[Start of Attachment]

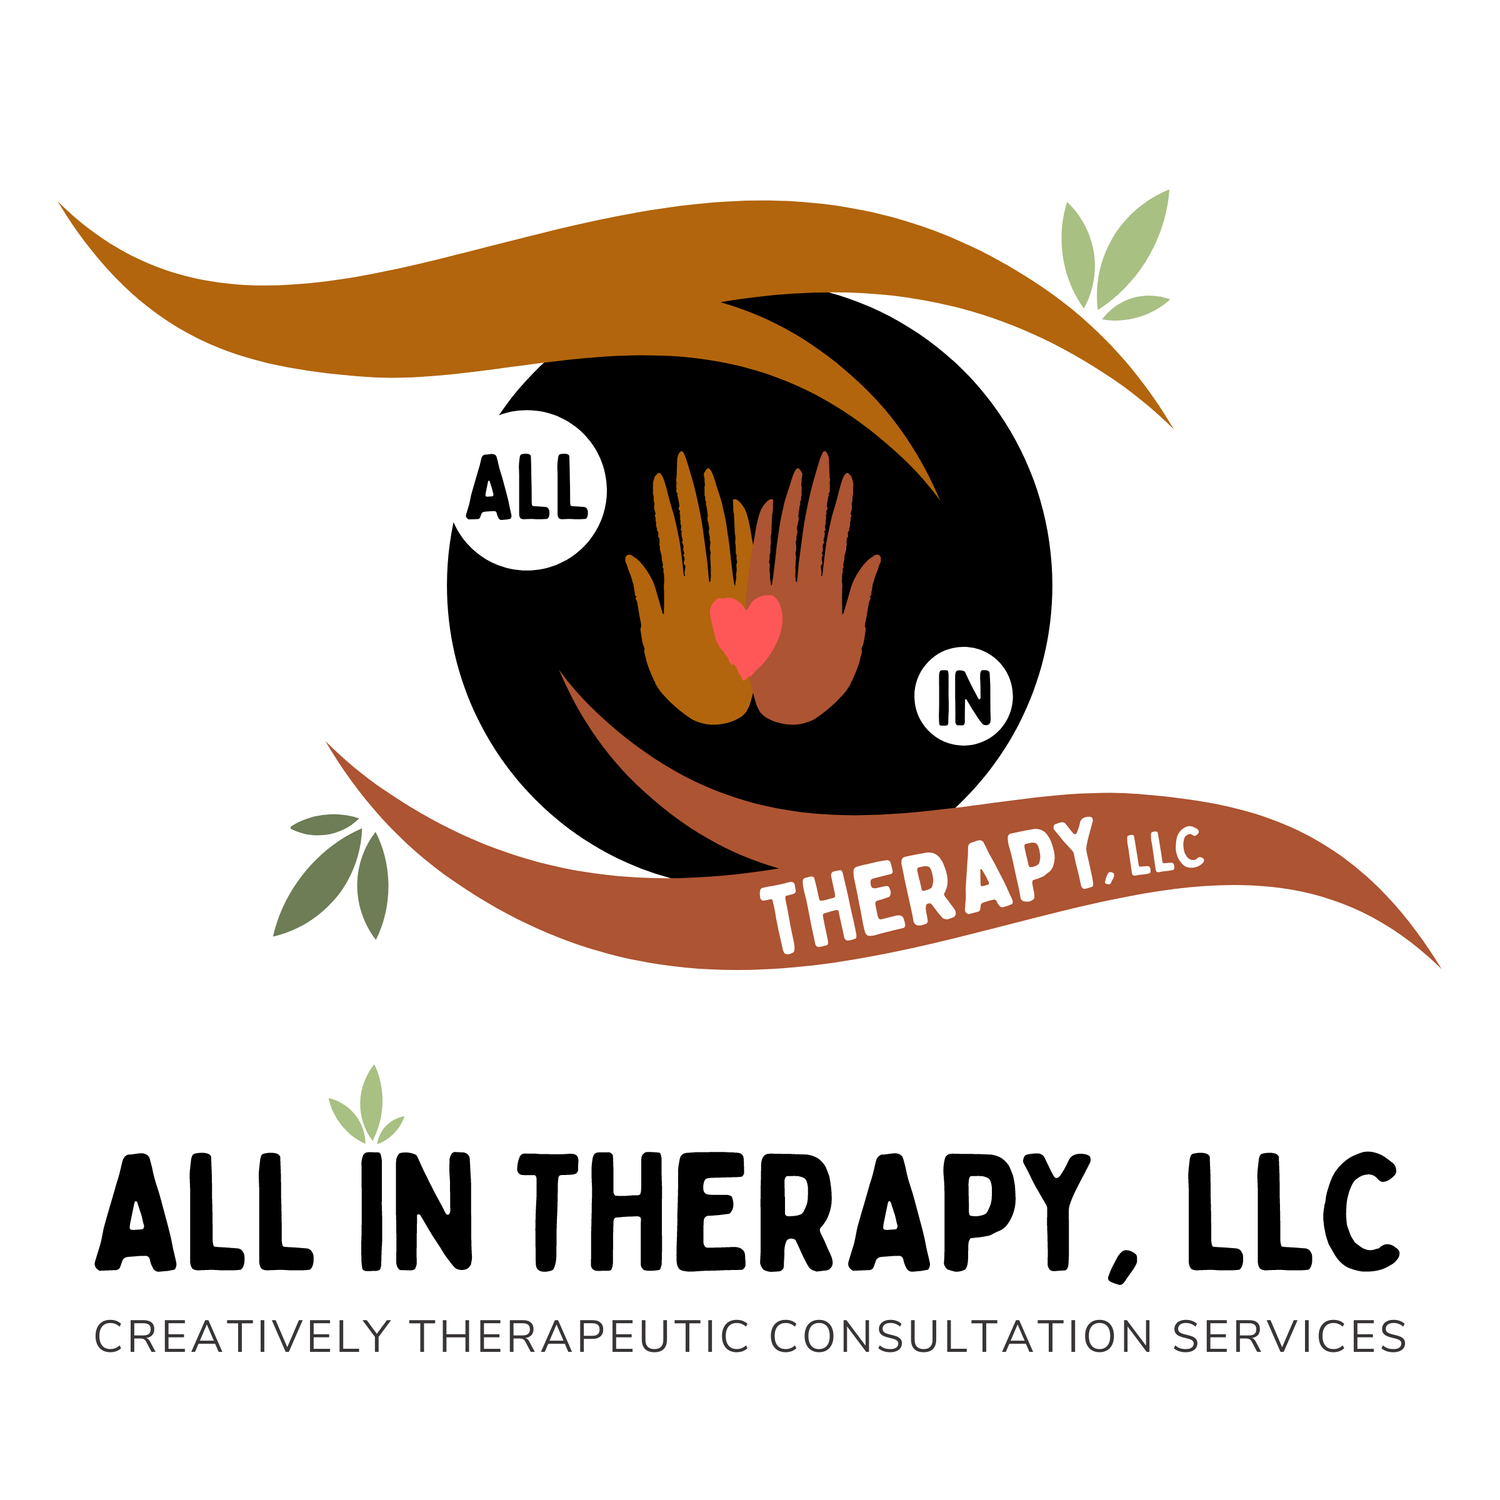 ALL IN THERAPY, LLC
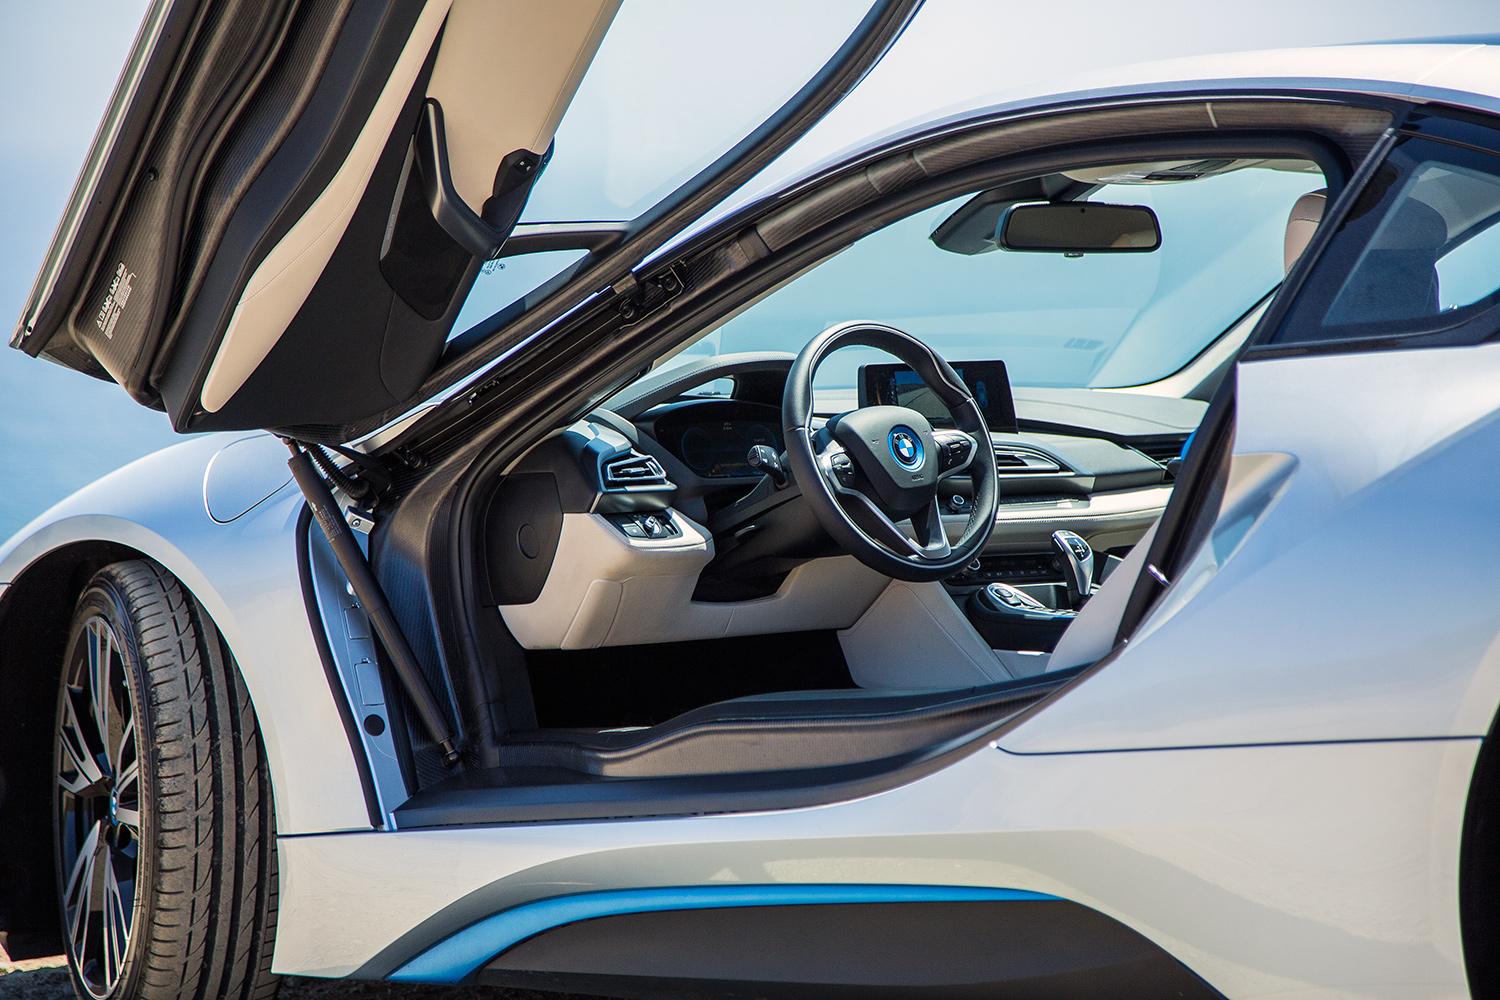 2015 BMW i8 Review - Supercar for Environmentalists
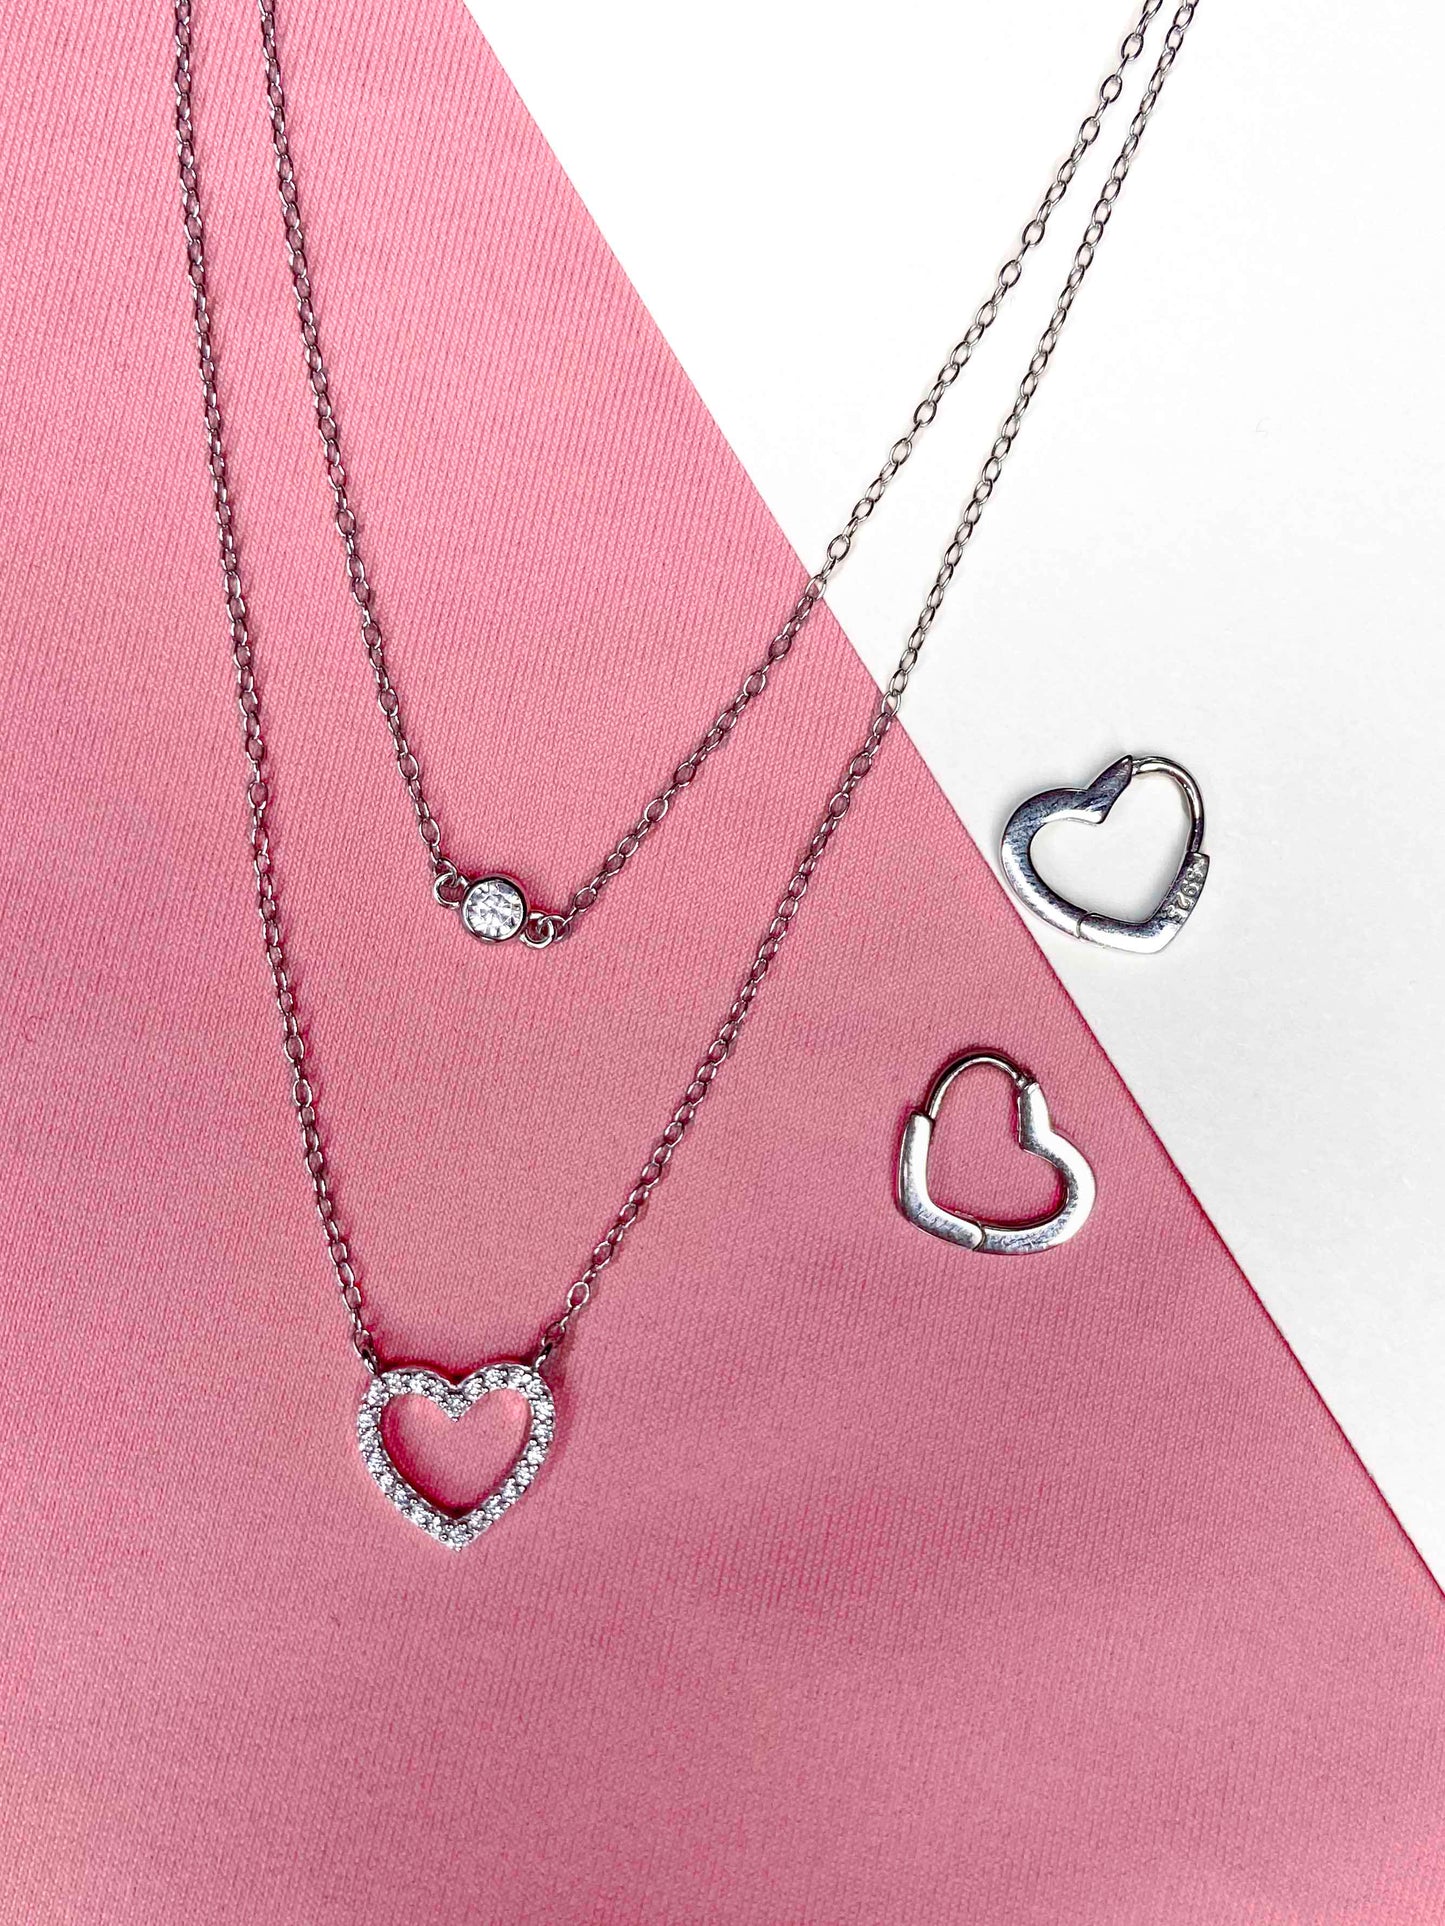 925 sterling silver double-layer necklace delicate clavicle chain zircon necklace, and heart hoop earrings.

[End of Attachment]

# EXERCISE BRIEF:
The whole listing should be transcribed exactly, though its pictures must be left out.

# EXERCISE OUTPUT:
 ALL IN THERAPY, LLC
 2015 BMW i8 Review - Supercar for Environmentalists
 925 sterling silver double-layer necklace delicate clavicle chain zircon necklace, and heart hoop earrings.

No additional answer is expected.